**Task item**
Could you print, exactly and without pictures, only the lines from the one with "Bolsa Bag Couro" through the end of the records below?

-- Records to use follows --

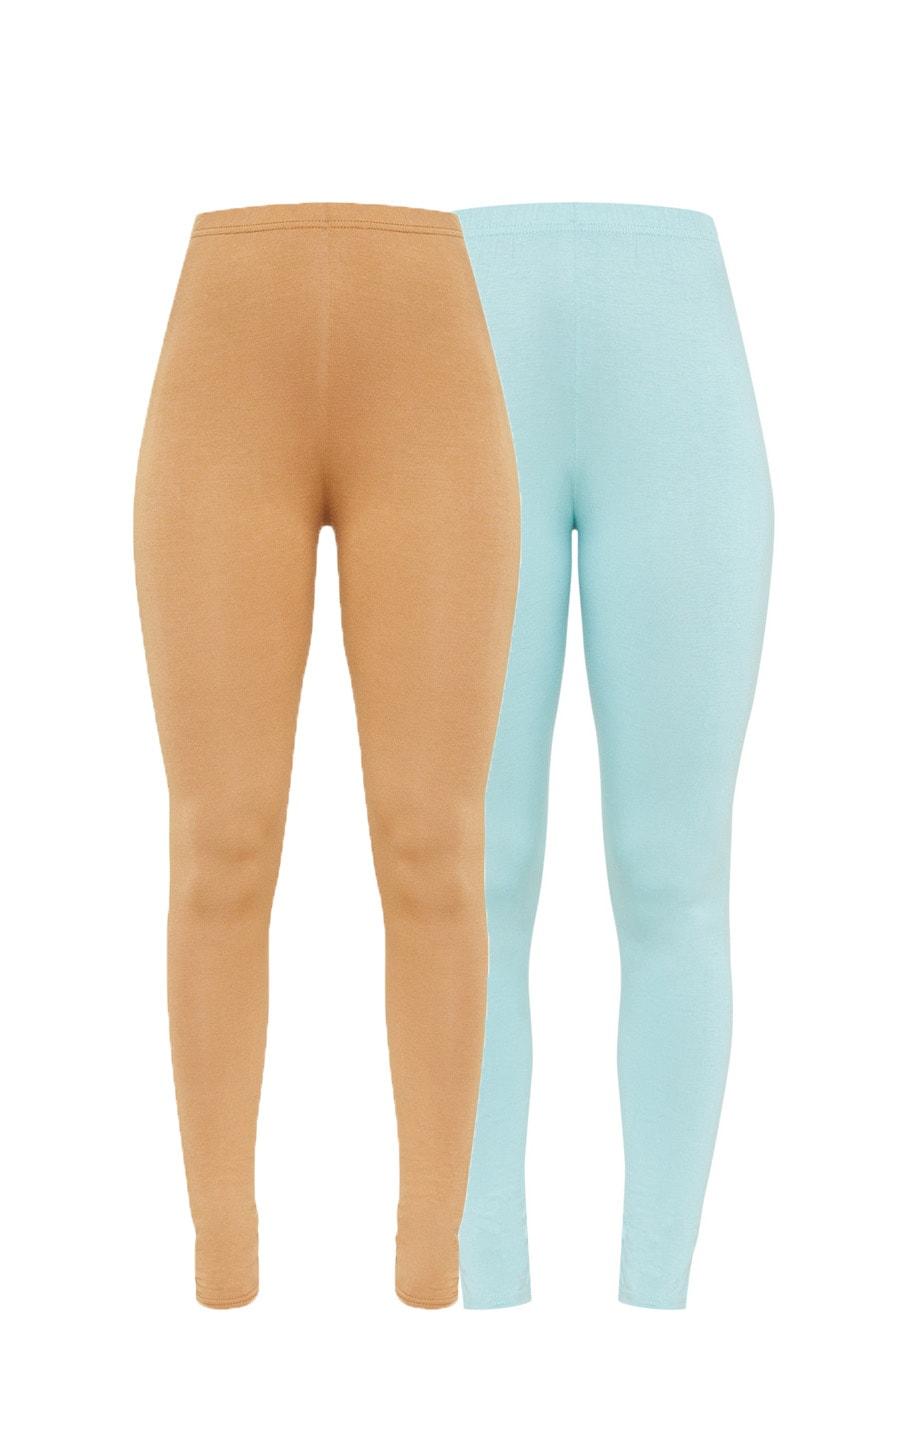 Camel and Sage Green Basic Jersey Leggings 2 Pack 3
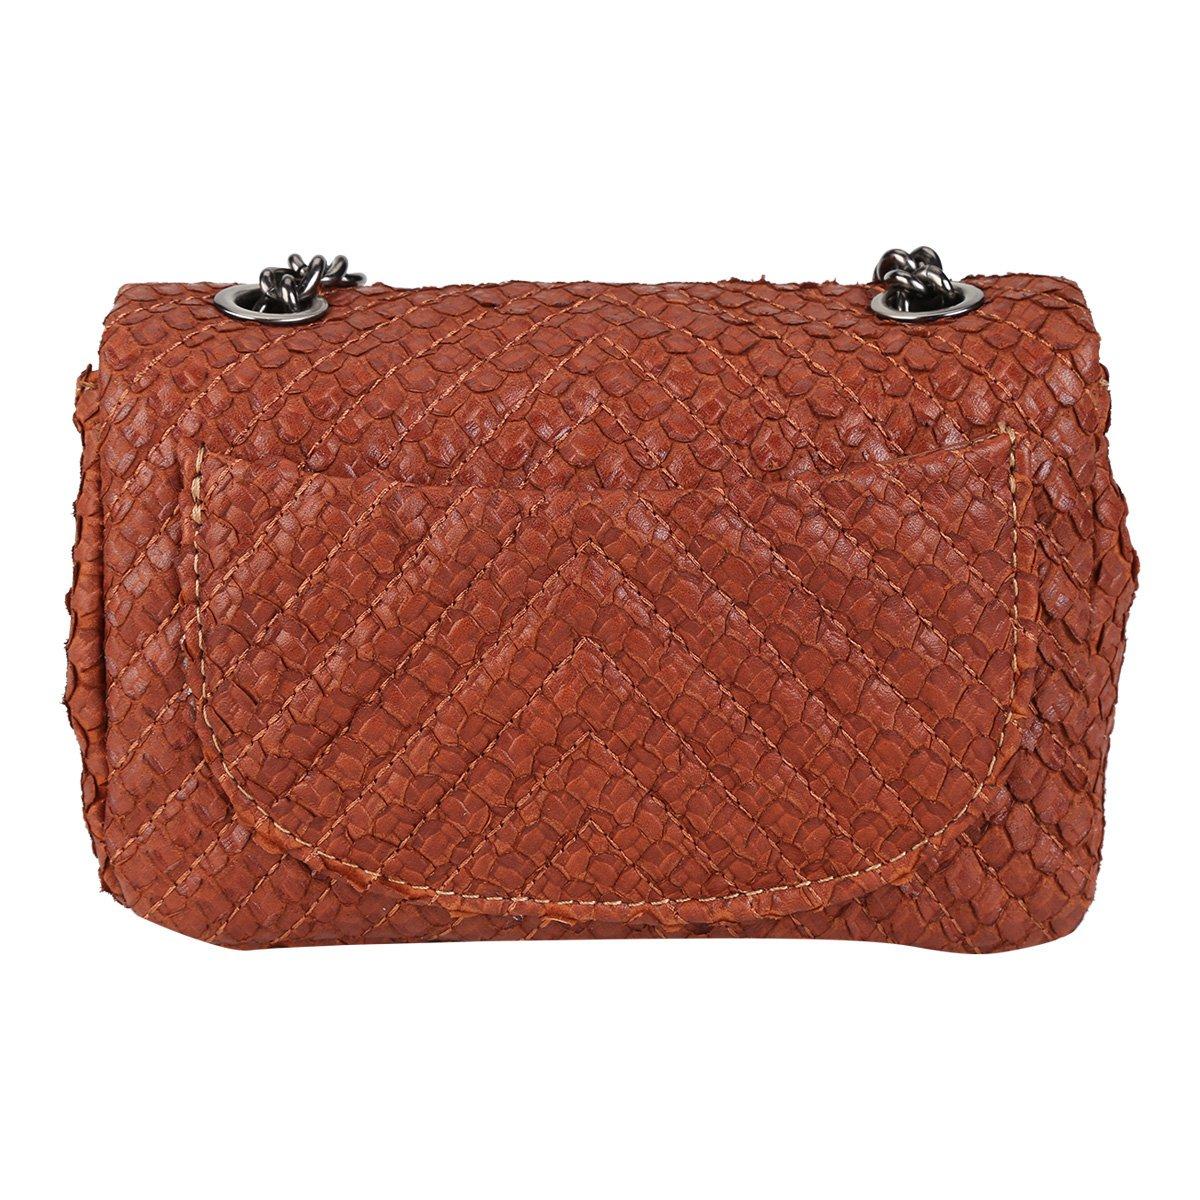 Bolsa Bag Couro Caramelo Caseina Serpente Couro Bolsa Dumond Mini Feminina pwRpxdqX
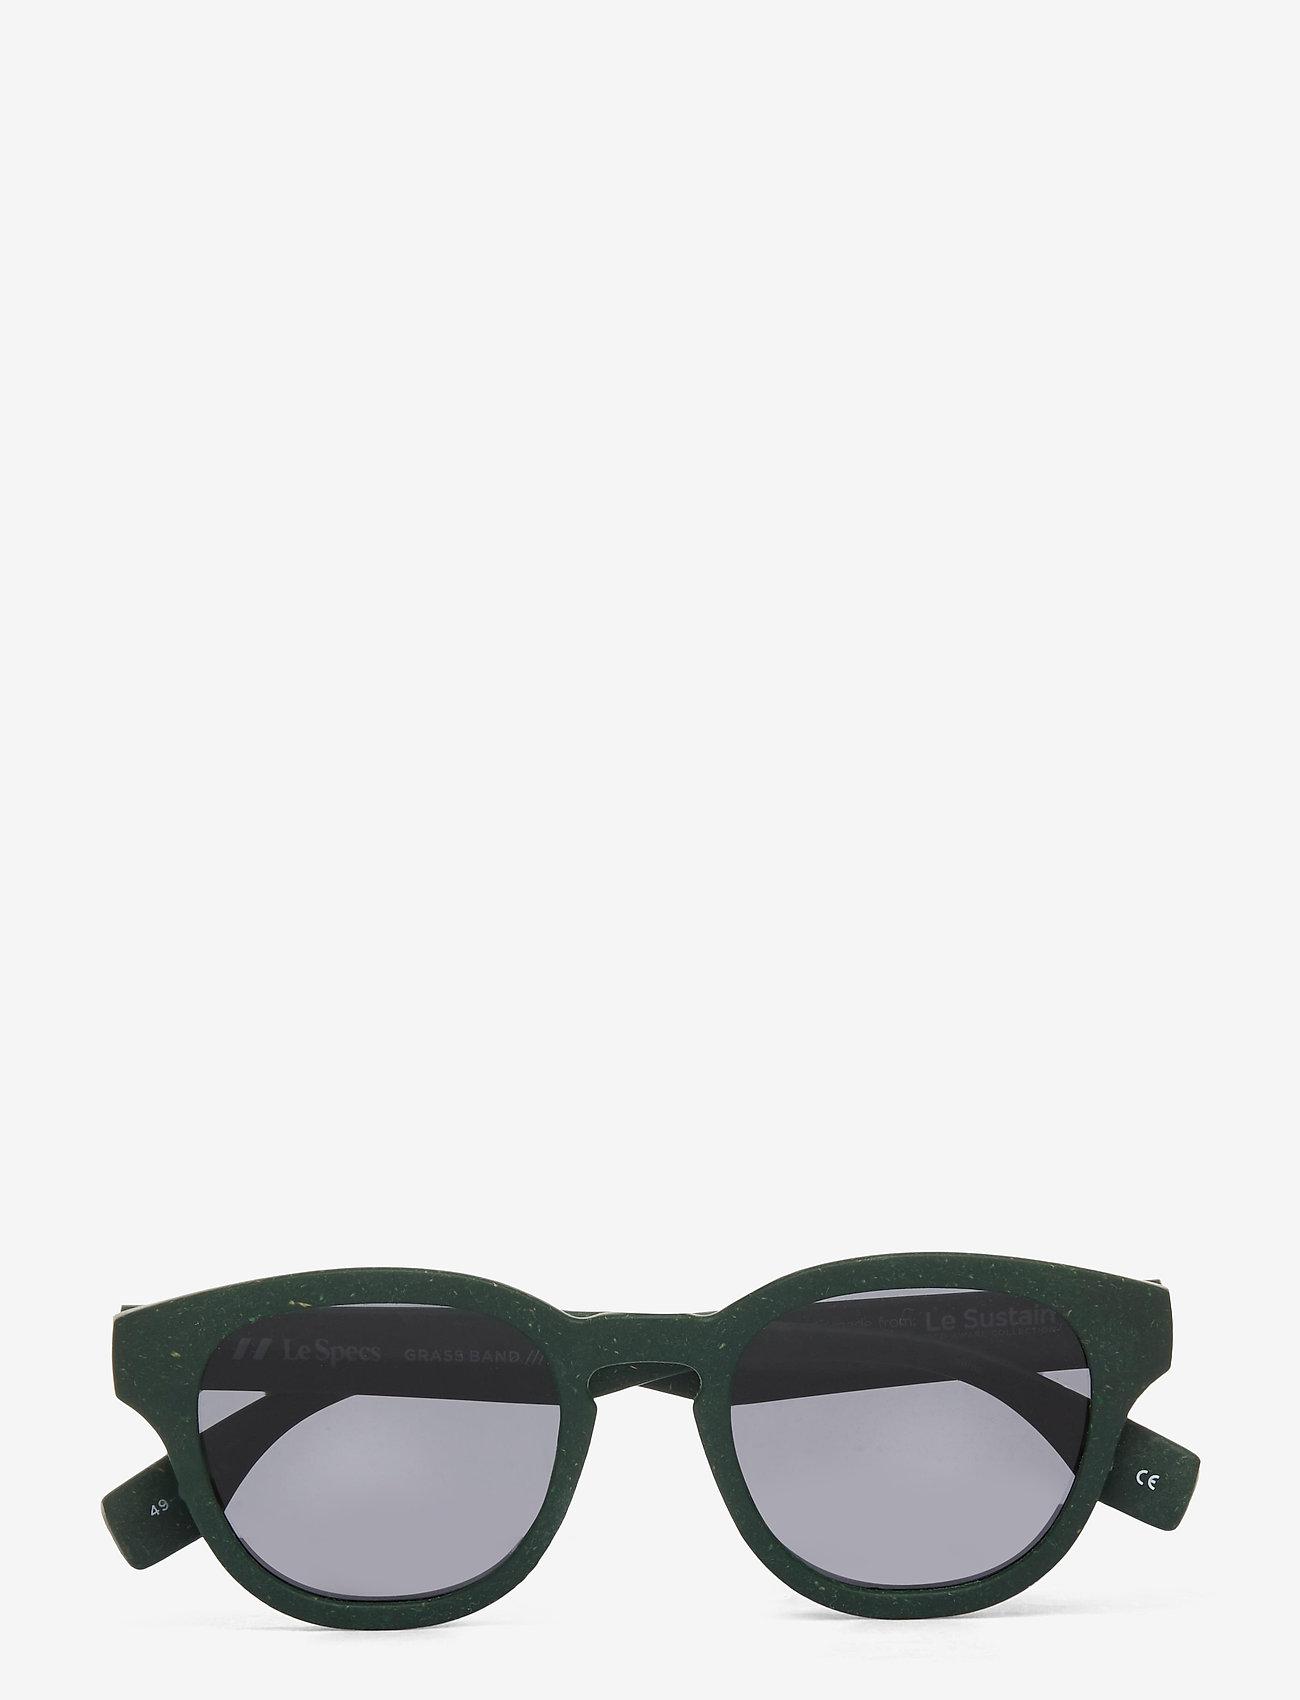 Le Specs - LE SUSTAIN - GRASS BAND - rond model - khaki grass w/ smoke mono lens - 0
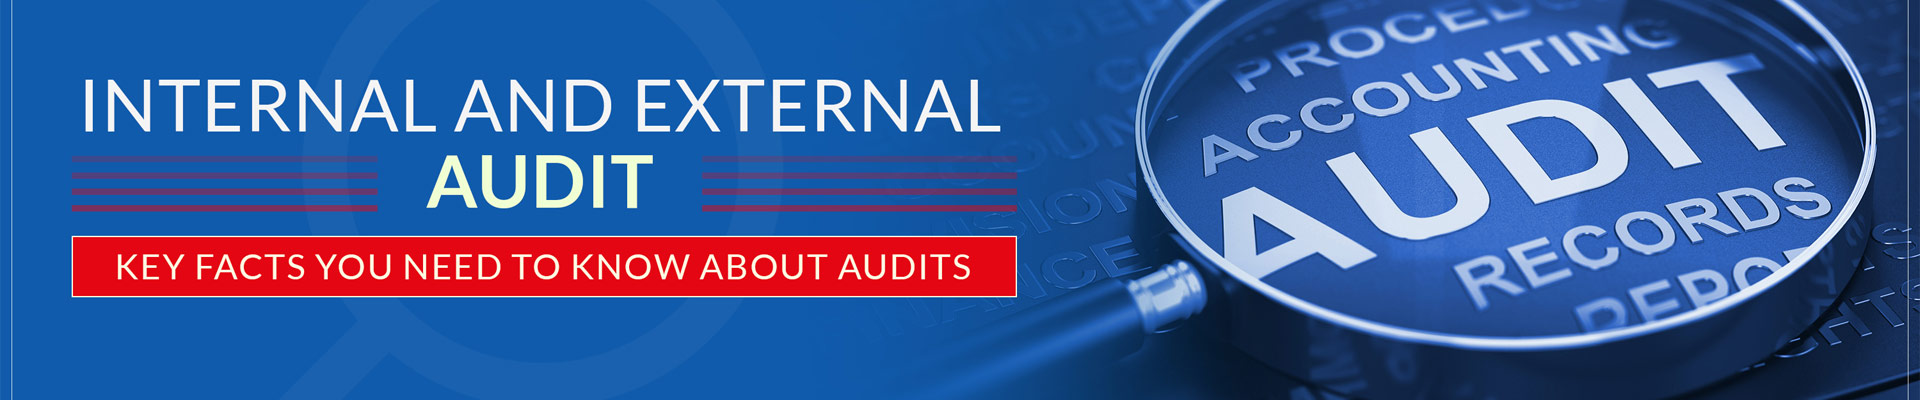 dicis-internal-external-audit-key-facts
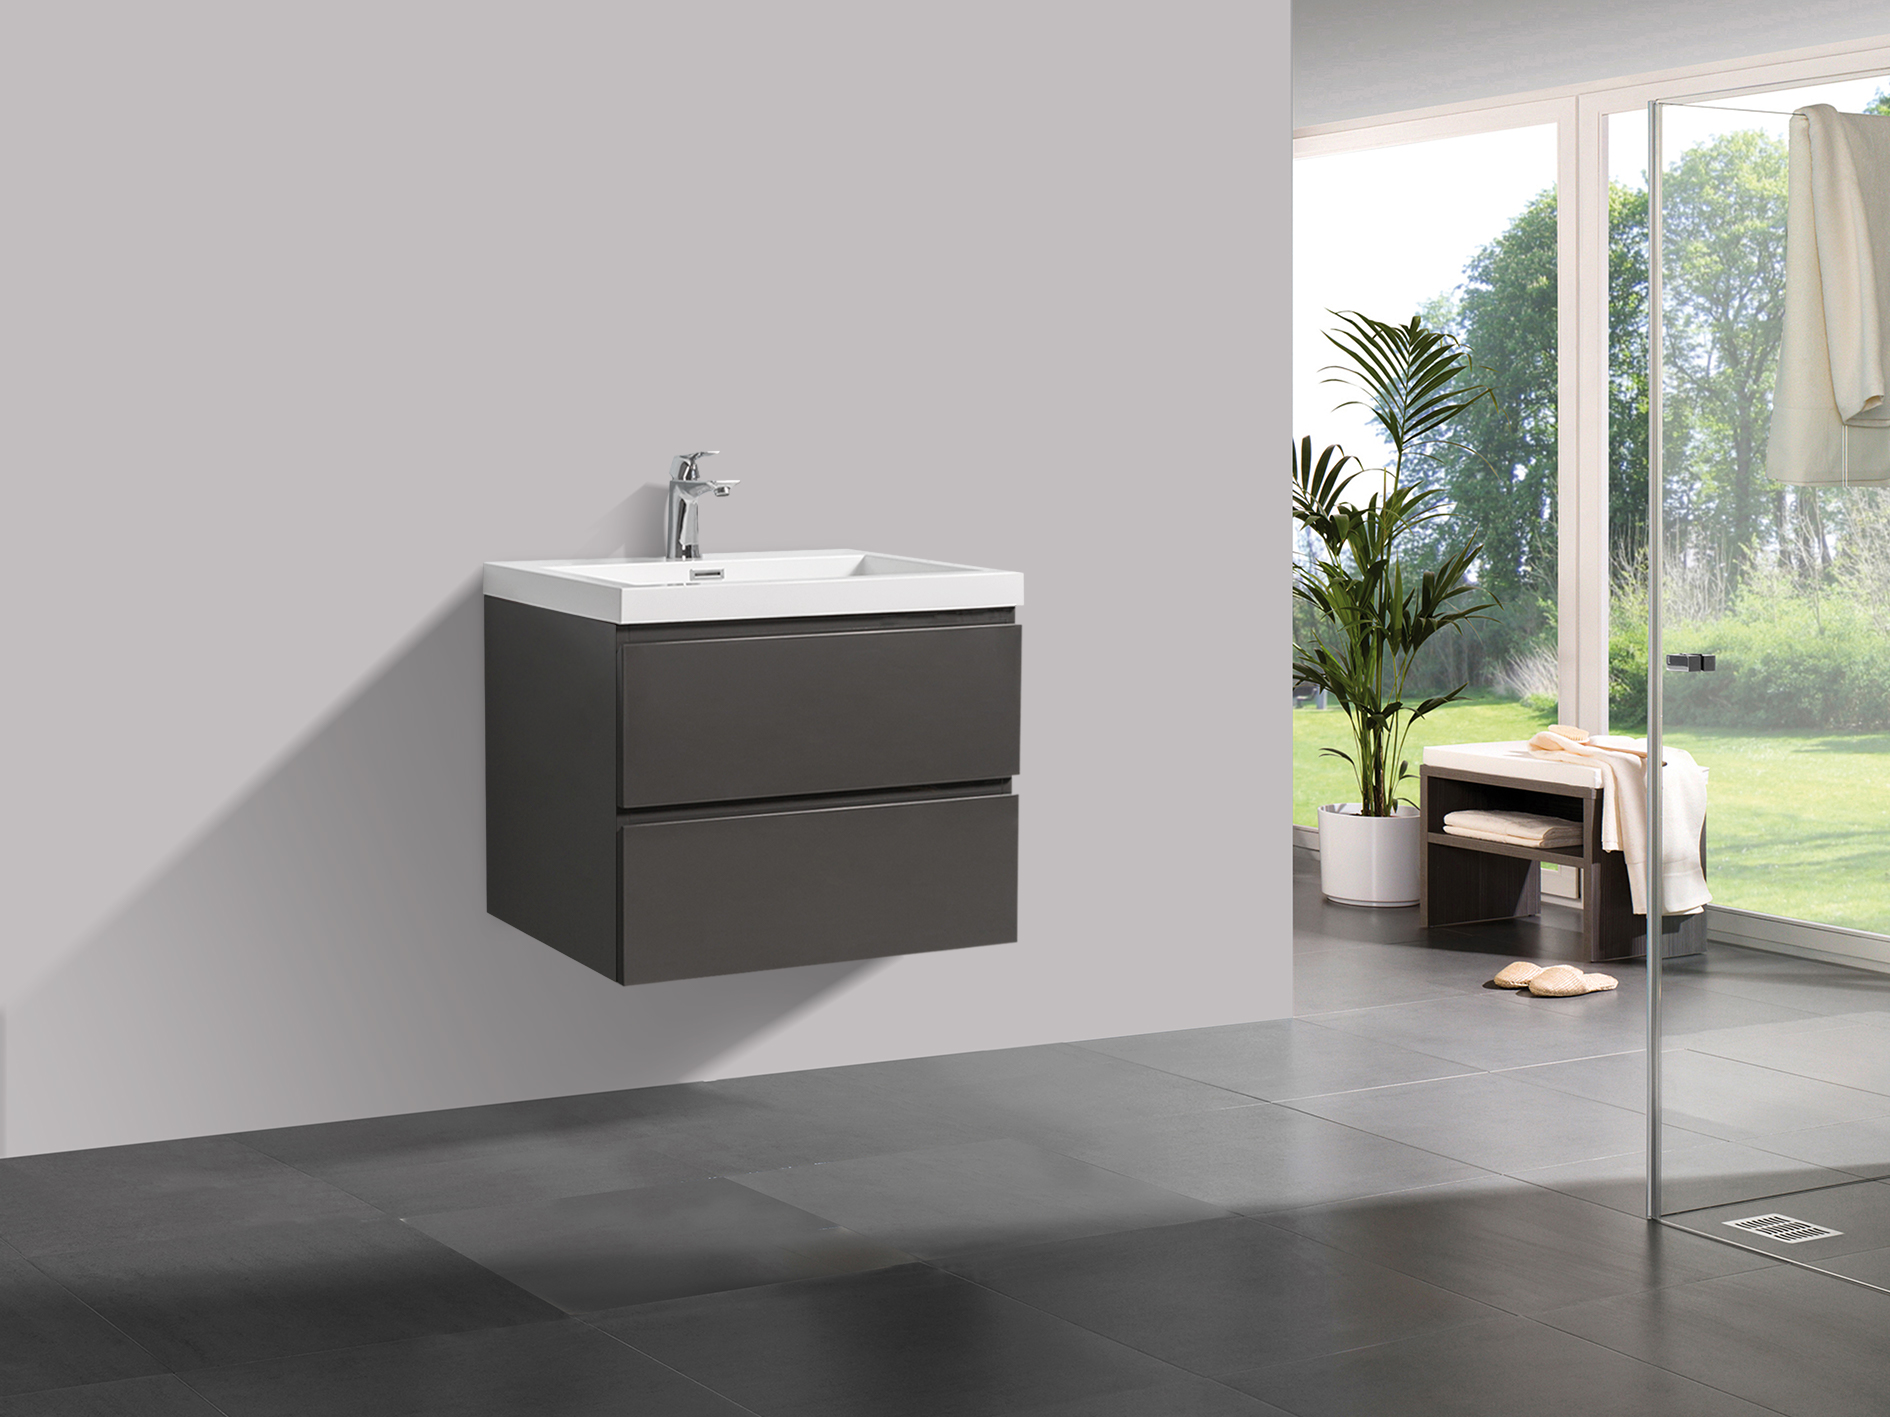 badm bel unterschrank flat 80 hochglanz grau. Black Bedroom Furniture Sets. Home Design Ideas

-- Records to use concluded --

**Result for this task**
 Bolsa Bag Couro Caramelo Caseina Serpente Couro Bolsa Dumond Mini Feminina pwRpxdqX
 Le Specs - LE SUSTAIN - GRASS BAND - rond model - khaki grass w/ smoke mono lens - 0
 dicis-internal-external-audit-key-facts
 badm bel unterschrank flat 80 hochglanz grau. Black Bedroom Furniture Sets. Home Design Ideas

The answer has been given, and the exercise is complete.